Python's "only one way to do it" philosophy isn't good?

John Nagle nagle at animats.com
Thu Jun 28 02:41:54 EDT 2007


Douglas Alan wrote:
> "Chris Mellon" <arkanes at gmail.com> writes:
>>On 6/27/07, Douglas Alan <doug at alum.mit.edu> wrote:

>>This totally misrepresents the case. The with statement and the
>>context manager is a superset of the RAII functionality.
> 
> 
> No, it isn't.  C++ allows you to define smart pointers (one of many
> RAII techniques), which can use refcounting or other tracking
> techniques.  Refcounting smart pointers are part of Boost and have
> made it into TR1, which means they're on track to be included in the
> next standard library.  One need not have waited for Boost, as they can
> be implemented in about a page of code.
> 
> The standard library also has auto_ptr, which is a different sort of
> smart pointer, which allows for somewhat fancier RAII than
> scope-based.

    Smart pointers in C++ never quite work.  In order to do anything
with the pointer, you have to bring it out as a raw pointer, which makes
the smart pointer unsafe.  Even auto_ptr, after three standardization
attempts, is still unsafe.

    Much handwaving around this problem comes from the Boost crowd, but
in the end, you just can't do safe reference counted pointers via
C++ templates. It requires language support.

    This is off topic, though, for Python.  If anybody cares,
look at my postings in comp.lang.c++.std for a few years back.

    Python is close to getting it right, but not quite.  Python destructors
aren't airtight; you can pass the "self" pointer out of a destructor, which
"re-animates" the object.  This generally results in undesirable behavior.

    Microsoft's "managed C++" has the same problem.  They explicitly addressed
"re-animation" and consider the possibility that a destructor can be called
twice.  To see the true horror of this approach, read

http://www.codeproject.com/managedcpp/cppclidtors.asp

Microsoft Managed C++ ended up having destructors, finalizers,
explicit destruction, scope-based destruction of locals, re-animation,
and nondeterministic garbage collection, all in one language.
(One might suspect that this was intended to drive people to C#.)

    In Python, if you have reference loops involving objects
with destructors, the objects don't get reclaimed at all.  You don't
want to call destructors from the garbage collector.  That creates
major problems, like introducing unexpected concurrency and wierd
destructor ordering issues.

    Much of the problem is that Python, like Perl and Java, started out
with strong pointers only, and, like Perl and Java, weak pointers
were added as afterthoughts.  Once you have weak pointers, you can
do it right.  Because weak pointers went in late, there's a legacy
code problem, mostly in GUI libraries.

    One right answer would be a pure reference counted system where
loops are outright errors, and you must use weak pointers for backpointers.
I write Python code in that style, and run with GC in debug mode,
to detect leaks. I modified BeautifulSoup to use weak pointers
where appropriate, and passed those patches back to the author.
When all or part of a tree is detached, it goes away immediately,
rather than hanging around until the next GC cycle.  The general
idea is that pointers toward the leaves of trees should be strong
pointers, and pointers toward the root should be weak pointers.

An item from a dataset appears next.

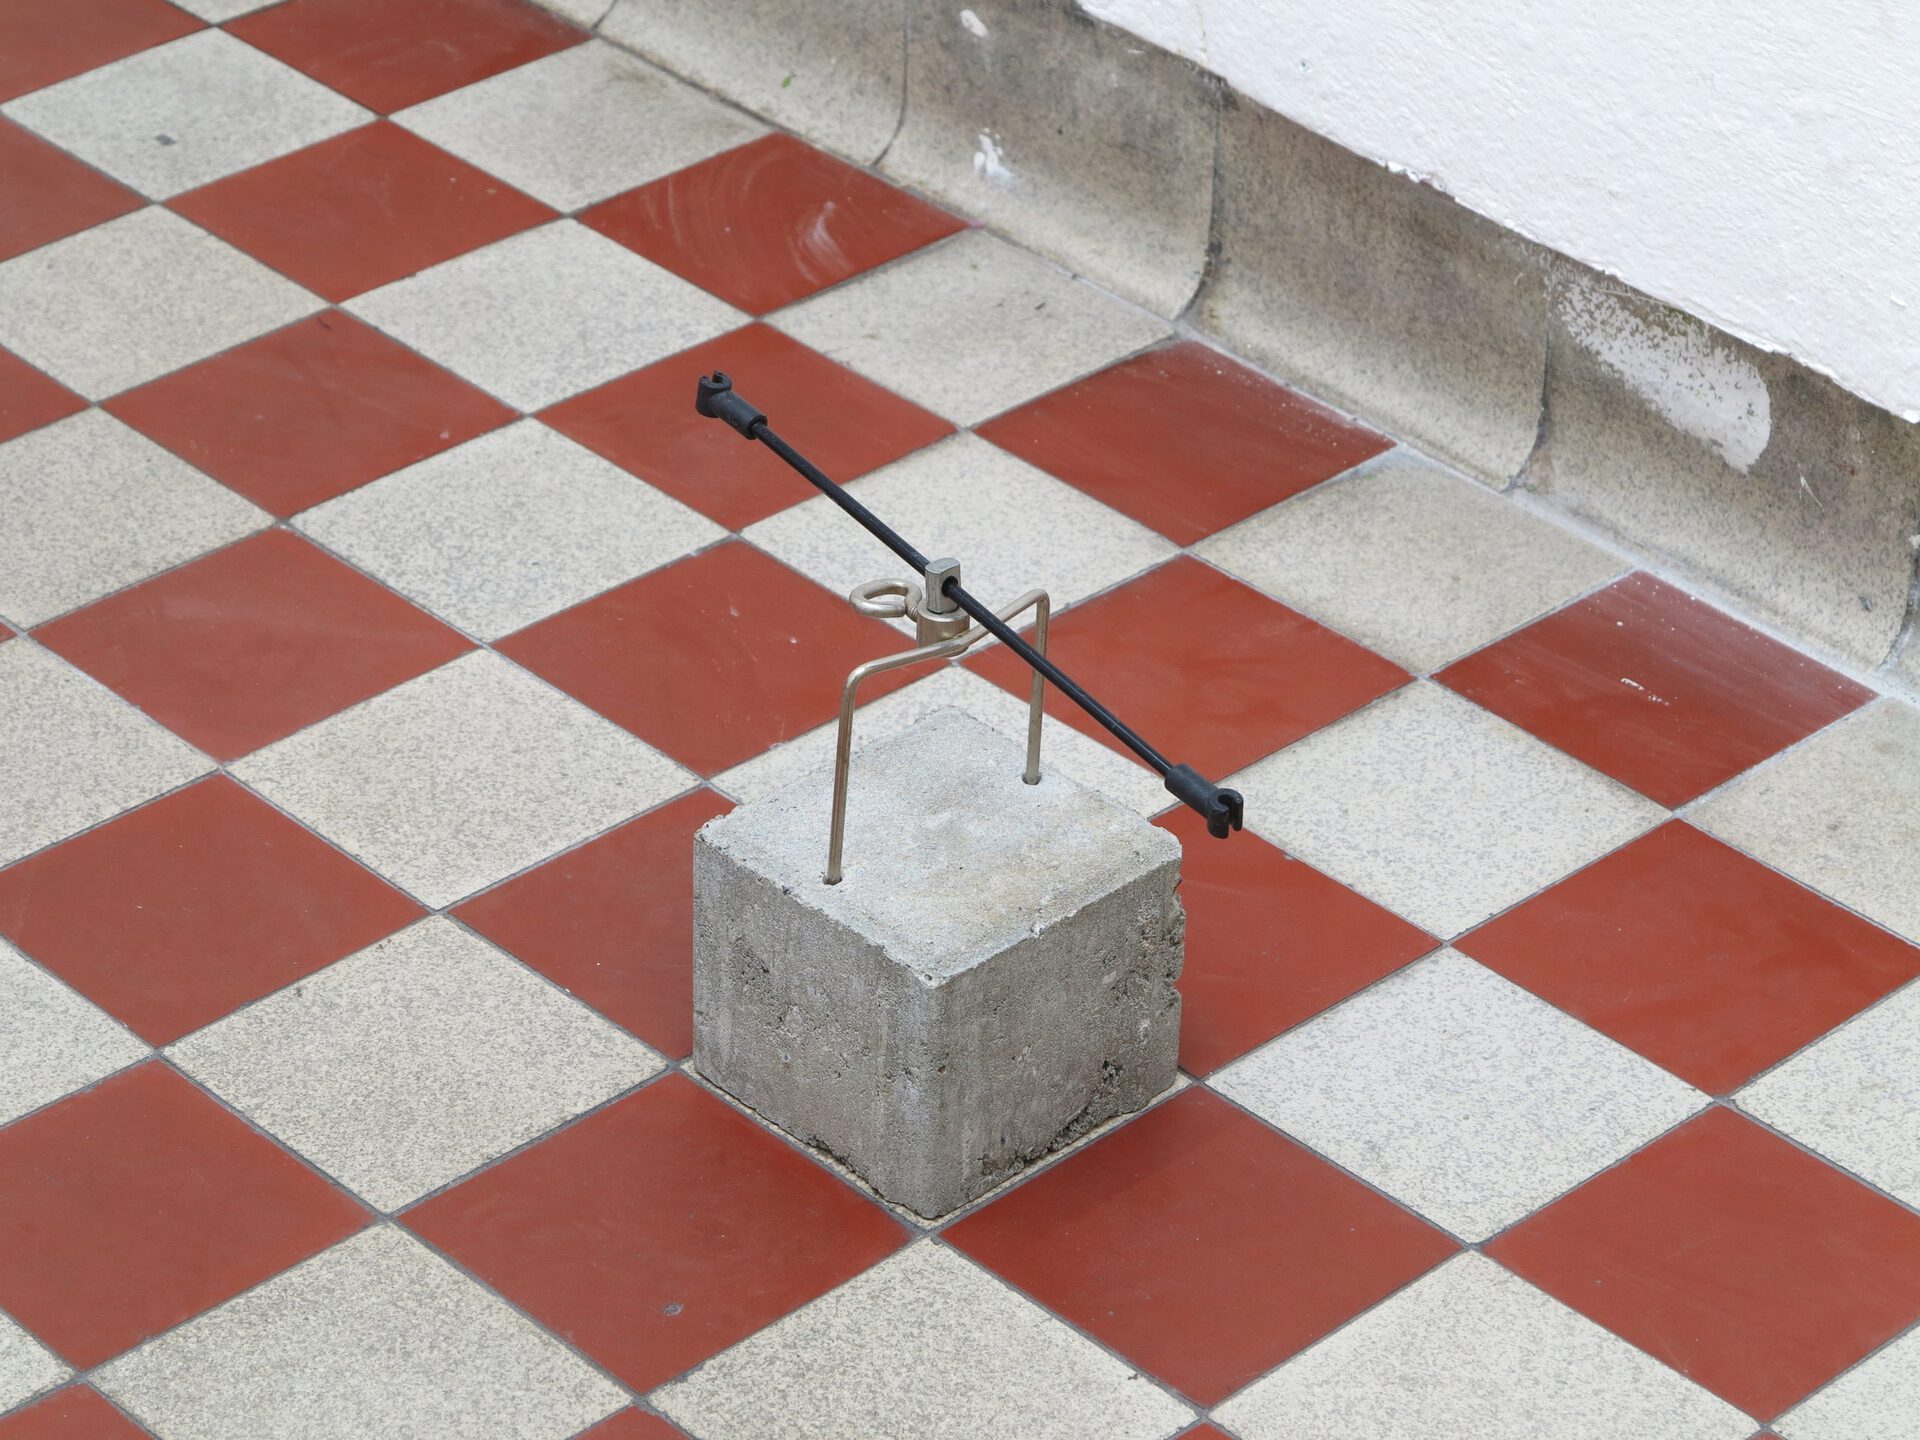 Tobias Brembeck, Plc power, 2010, concrete, metal, Dimension: 17 x 10 x 19 cm

    For a truly sound system, you'd want to detect reference loops
at the moment they're created, and handle them as errors.  This
is quite possible, although inefficient for certain operations.
Reversing a linked list that has depth counts is expensive.  But then,
Python lists aren't implemented as linked lists; they're variable sized arrays
with one reference count for the whole array.  So, in practice,
the cases where maintaining depth counts gets expensive
are rare.

    Then you'd want a way to limit the scope of "self" within a destructor,
so that you can't use it in a context which could result in it
outliving the destruction of the object.  This is a bit tricky,
and might require some extra checking in destructors.
The basic idea is that once the reference count has gone to 0,
anything that increments it is a serious error.  (As mentioned
above, Microsoft Managed C++ allowed "re-animation", and it's
clear from that experience that you don't want to go there.)

    With those approaches, destructors
would be sound, order of destruction would be well defined, and
the "here be dragons" notes about destructors could come out of
the documentation.

    With that, we wouldn't need "with".  Or a garbage collector.

    If you like minimalism, this is the way to go.